We are encountering problems with the implementation of Rabbit Mq in ServiceStack. Looking at how it’s implemented we believe messages are being Nak’d and then shoveled into the dead letter queue. The problem is we can’t figure out why.
The consistent markers are when we have long lived messages and a large number of messages backed up in the queue. Because, of the implementation these messages are published to the dlq instead of being moved there because of an X-death header. When the issue happens all messages are rapidly failed and moved to the dlq.
Our consumers are hosted on IIS and have no idle timeouts. We did implement this to fix a race condition which we thought was potentially the issue. Should AppHost.OnAfterInit start the mq server?

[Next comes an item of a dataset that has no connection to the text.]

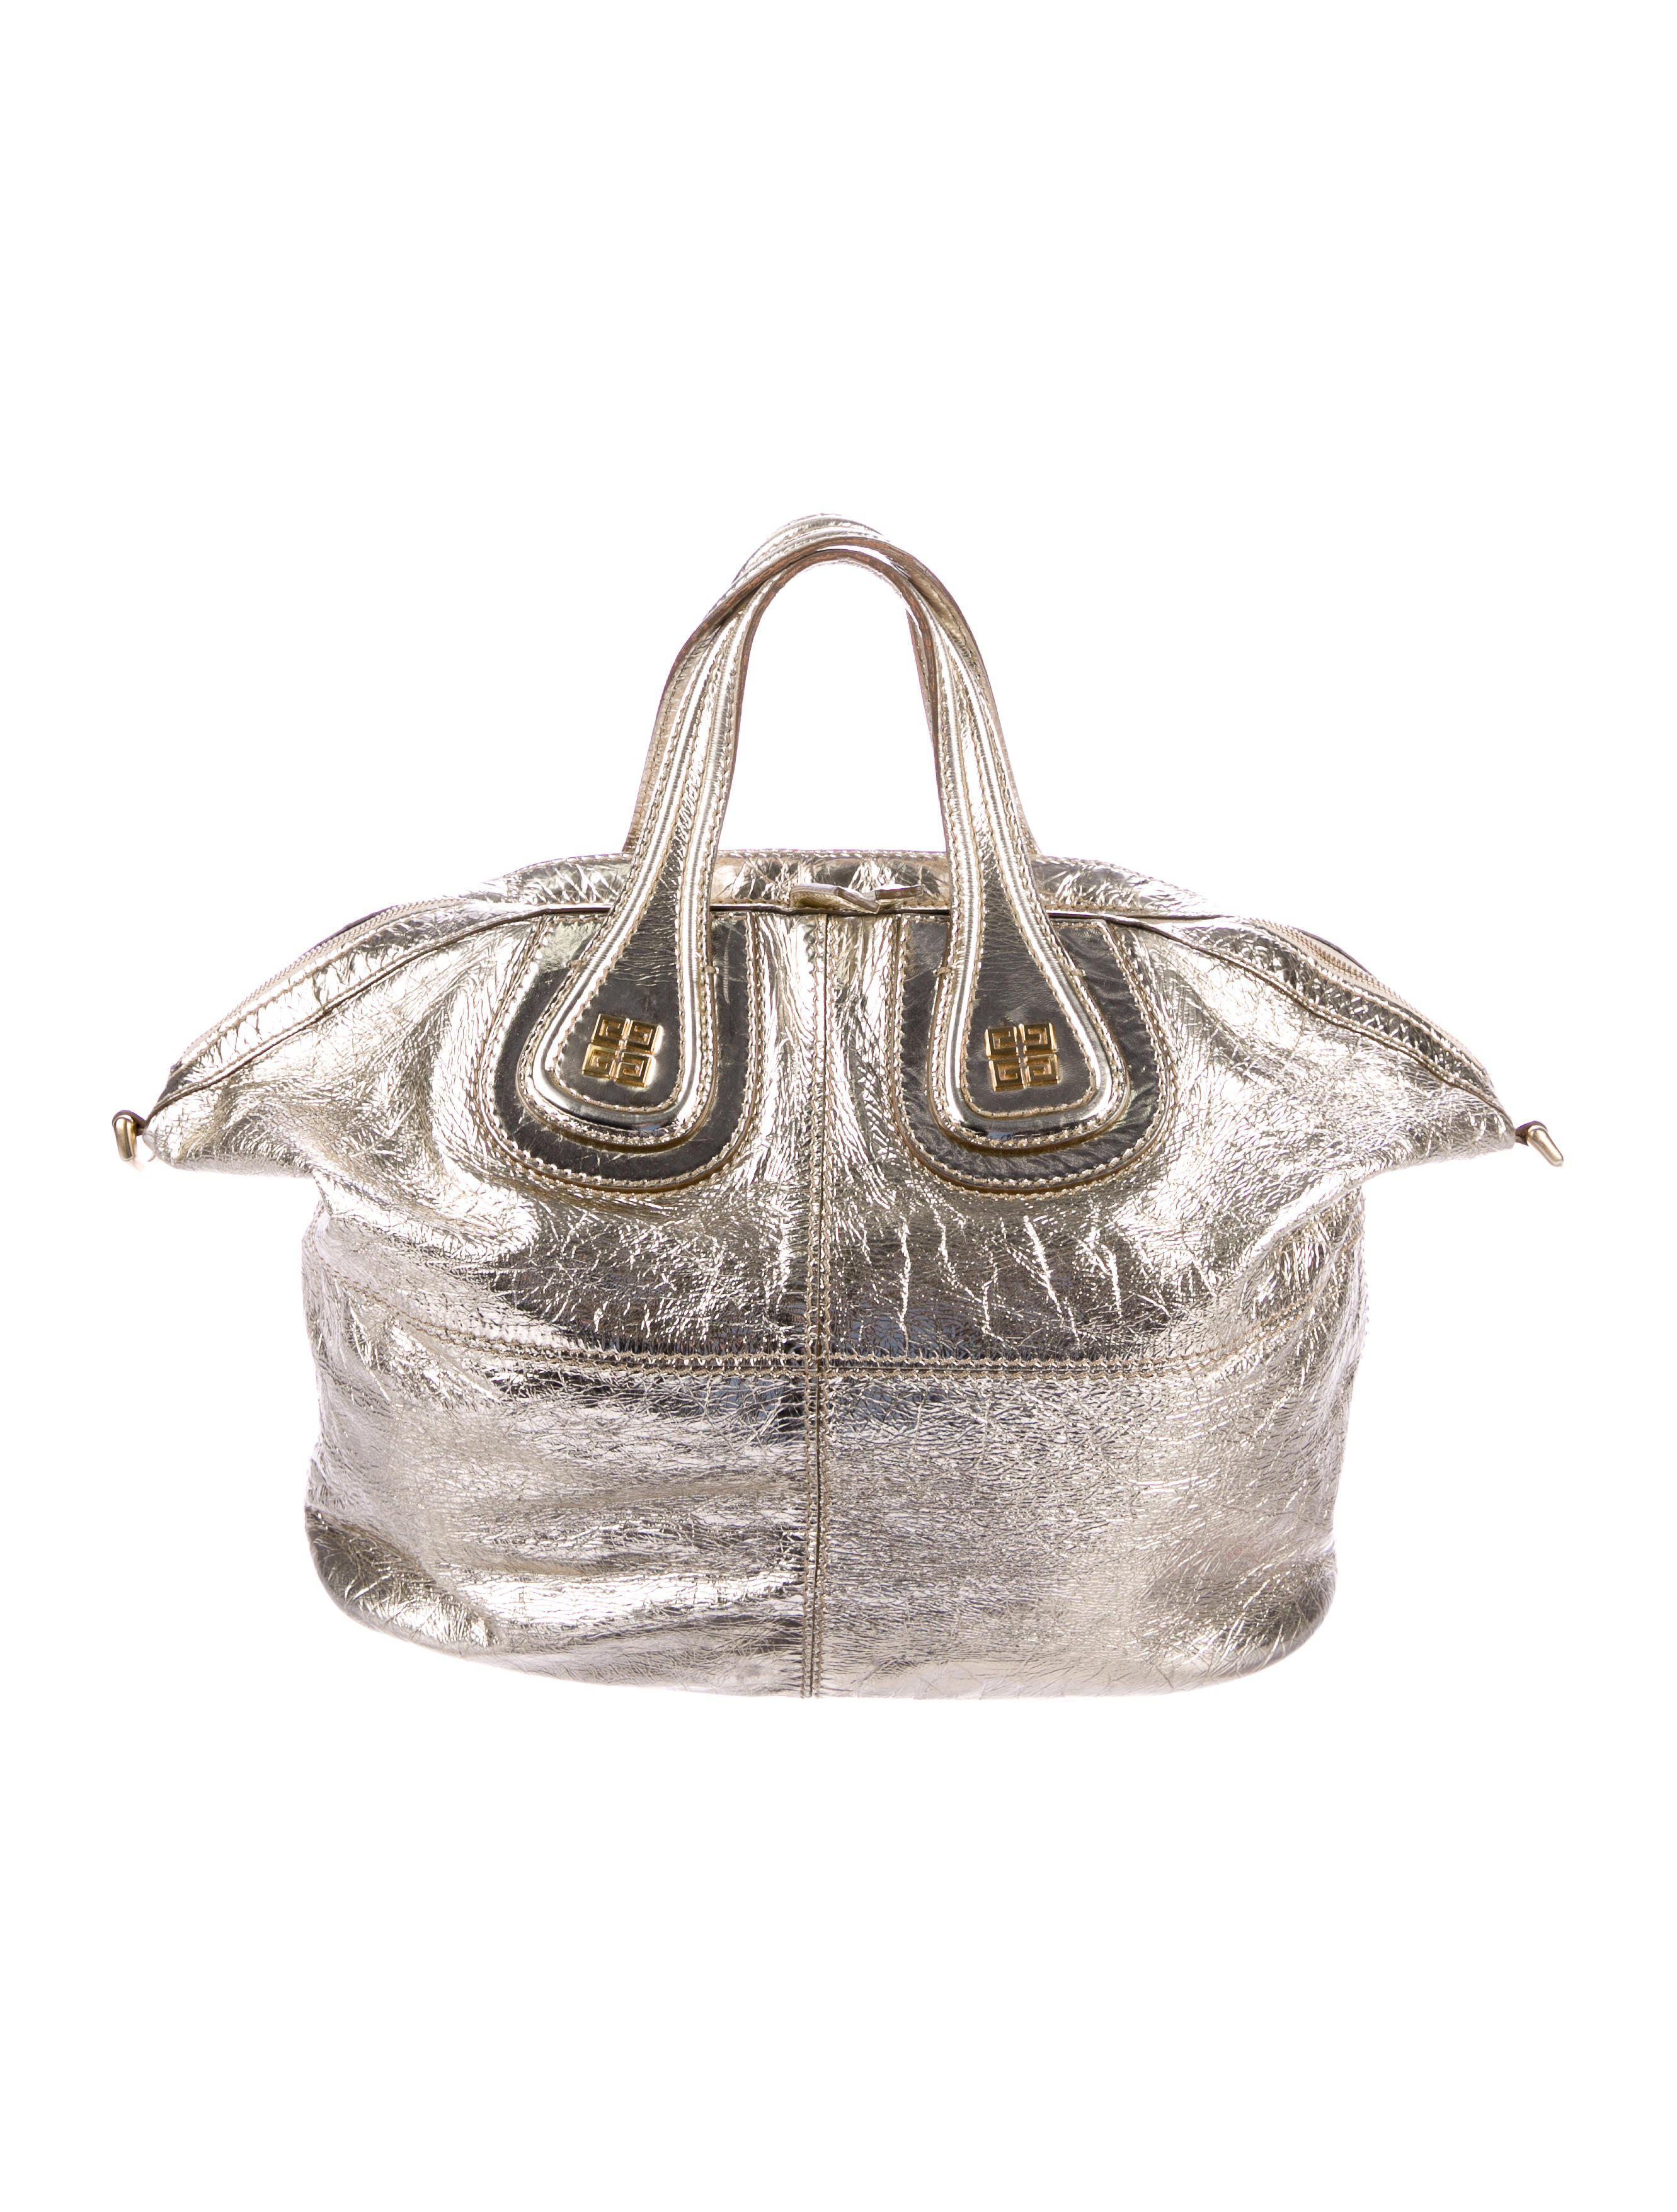 805f9deb32 Lyst - Givenchy Distressed Leather Antigona Satchel Gold in Metallic

At this point we have no idea why this fails. We can run 100k long lived messages and it works fine and then the next time 70k of the messages will succeed and 30k will fail into the dlq. It’s as though the consumer pulls the message and then immediately naks it. I know under the covers ServiceStack uses a basic.get instead of a basic.consume. We have another non ServiceStack implementation used in a completely different application that never encounters problems.
Do you have any suggestions or any thoughts on what is happening here? How should we proceed to fix the issue?
For reference we have an updated RHL cluster for our RMQ server with and updated Erlang version and RabbitMq Server version.